_Provided material_.
***
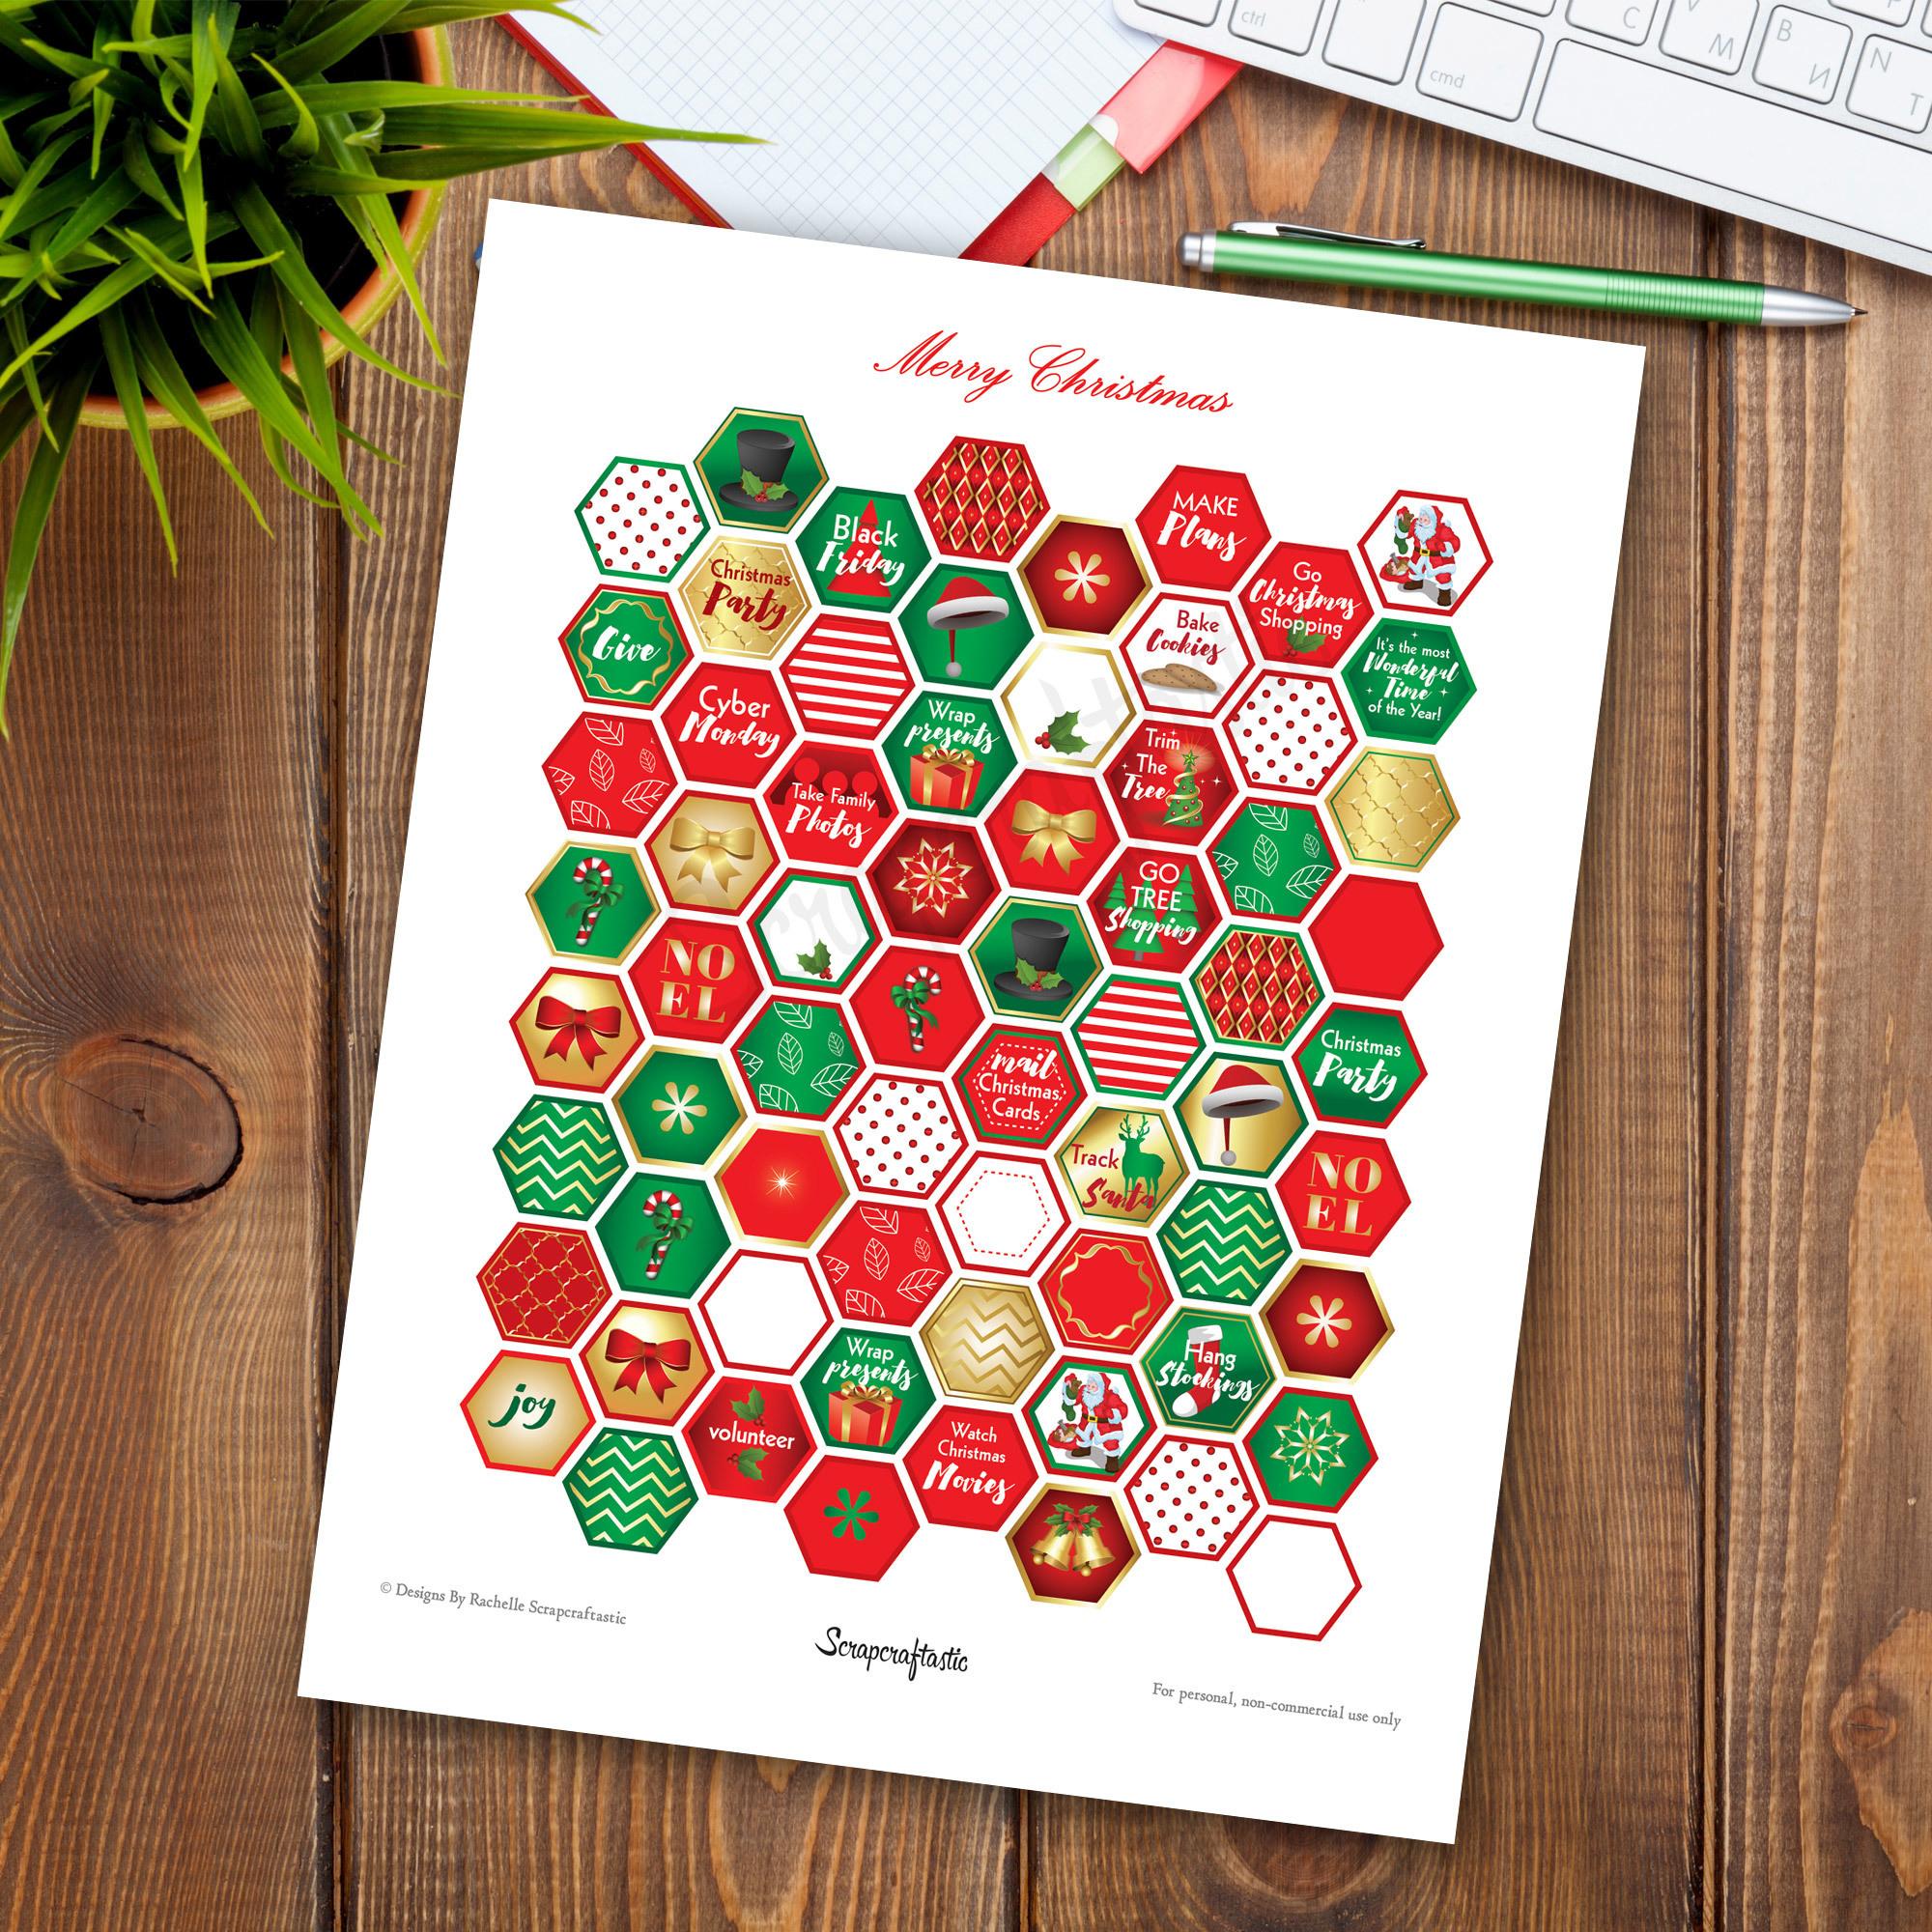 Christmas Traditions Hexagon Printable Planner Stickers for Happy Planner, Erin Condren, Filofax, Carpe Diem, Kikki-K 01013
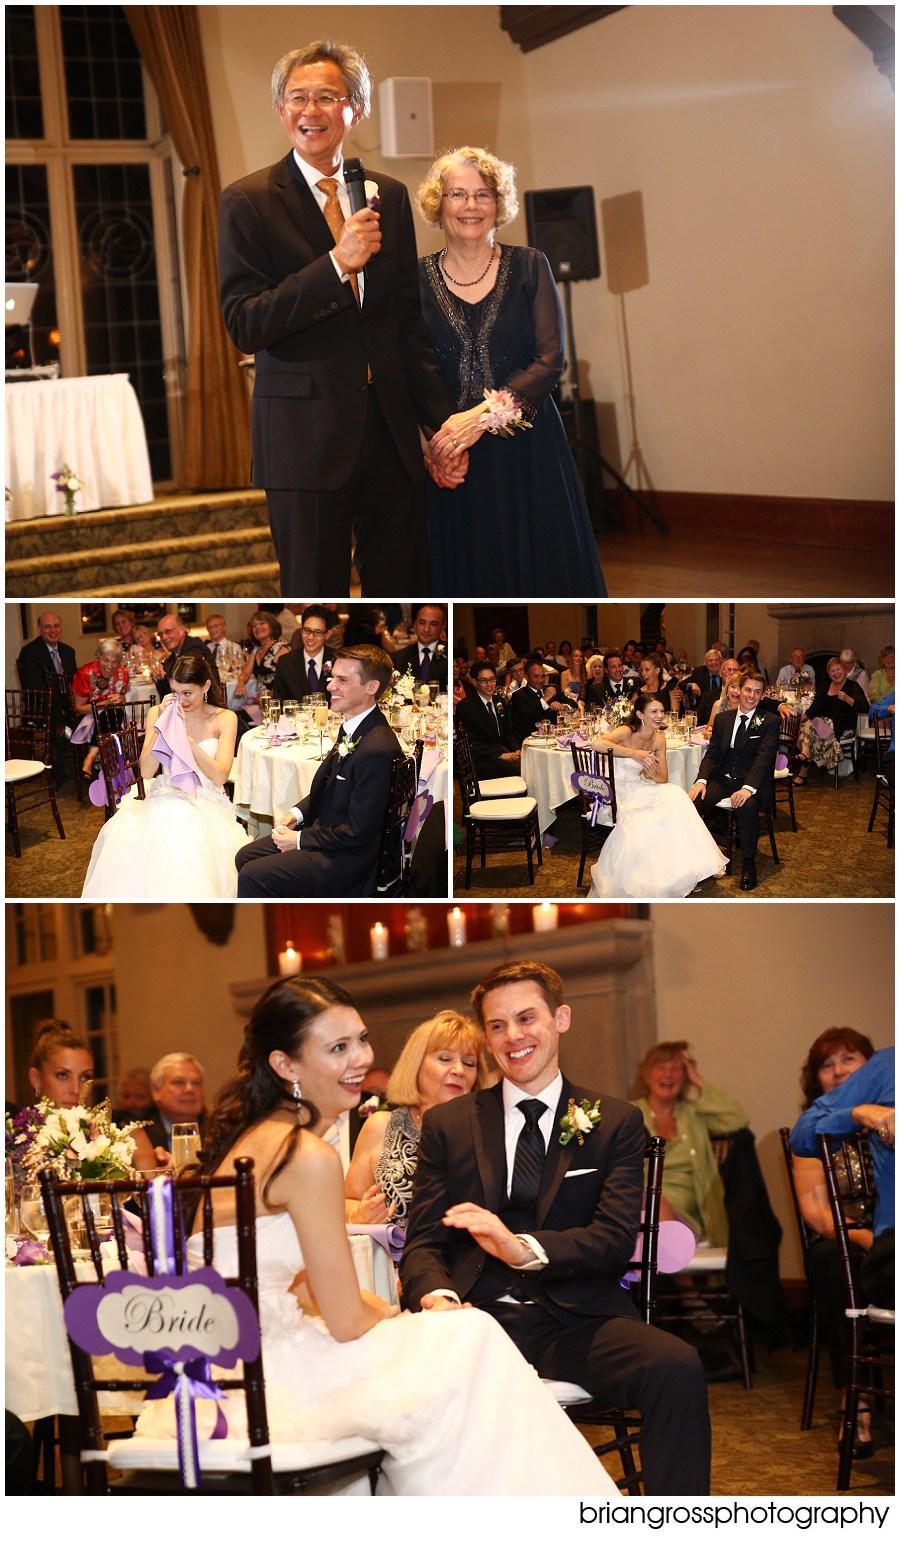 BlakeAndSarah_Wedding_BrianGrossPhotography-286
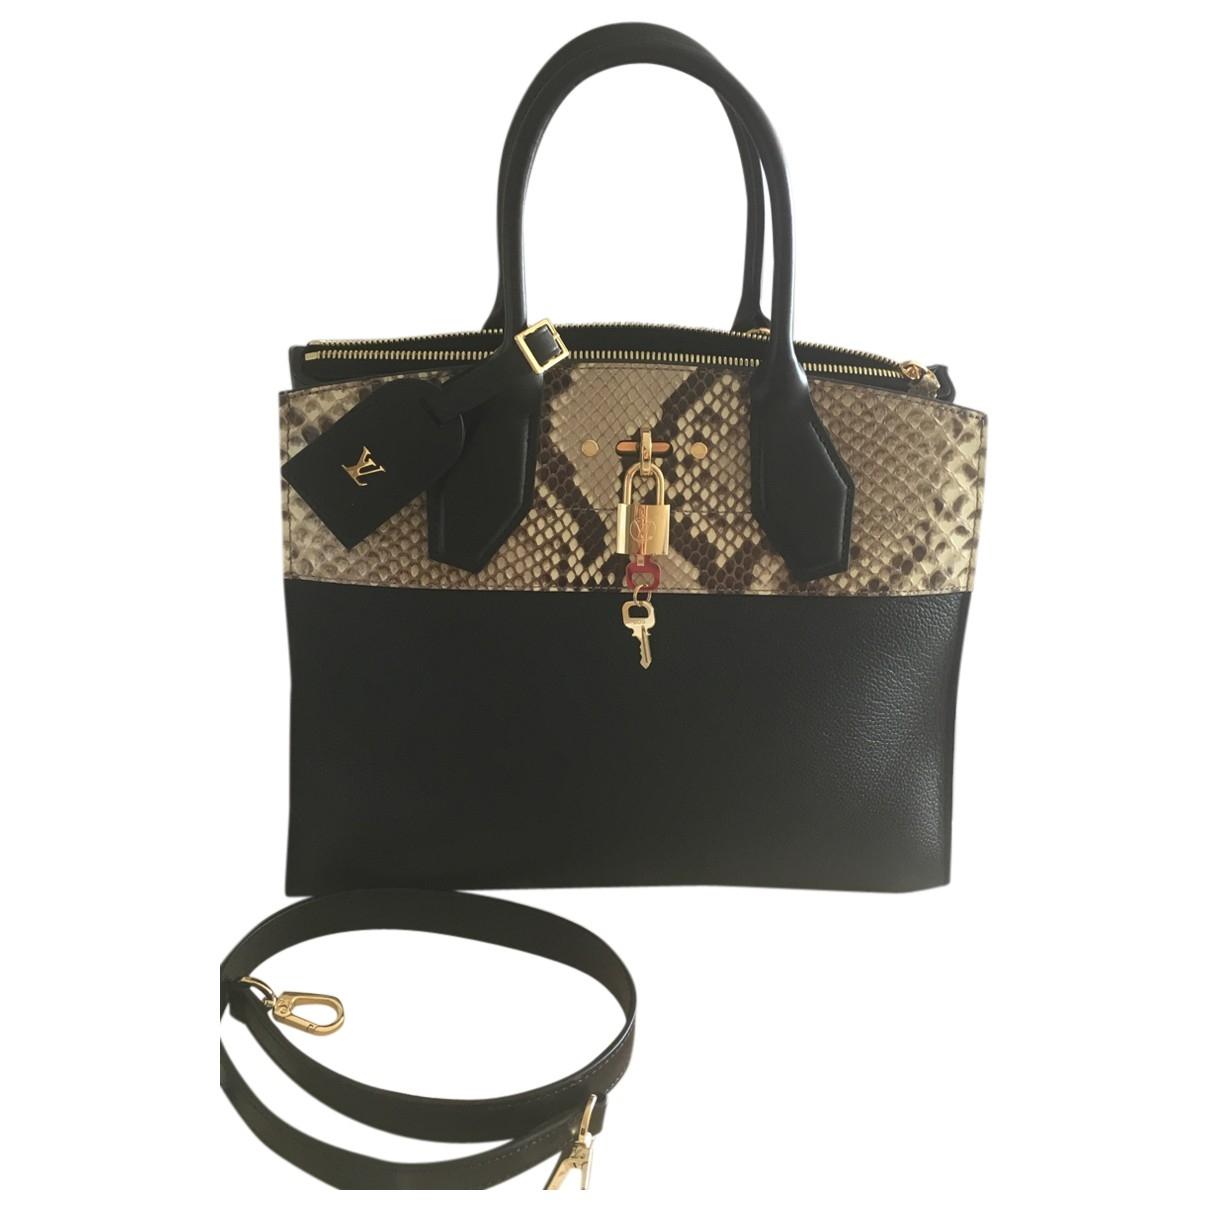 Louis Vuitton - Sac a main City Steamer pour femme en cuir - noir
***
_Activity_. Exclude the pictures and give back the rest of the data above exactly as written.

_Output for this exercise_.
 Christmas Traditions Hexagon Printable Planner Stickers for Happy Planner, Erin Condren, Filofax, Carpe Diem, Kikki-K 01013
 BlakeAndSarah_Wedding_BrianGrossPhotography-286
 Louis Vuitton - Sac a main City Steamer pour femme en cuir - noir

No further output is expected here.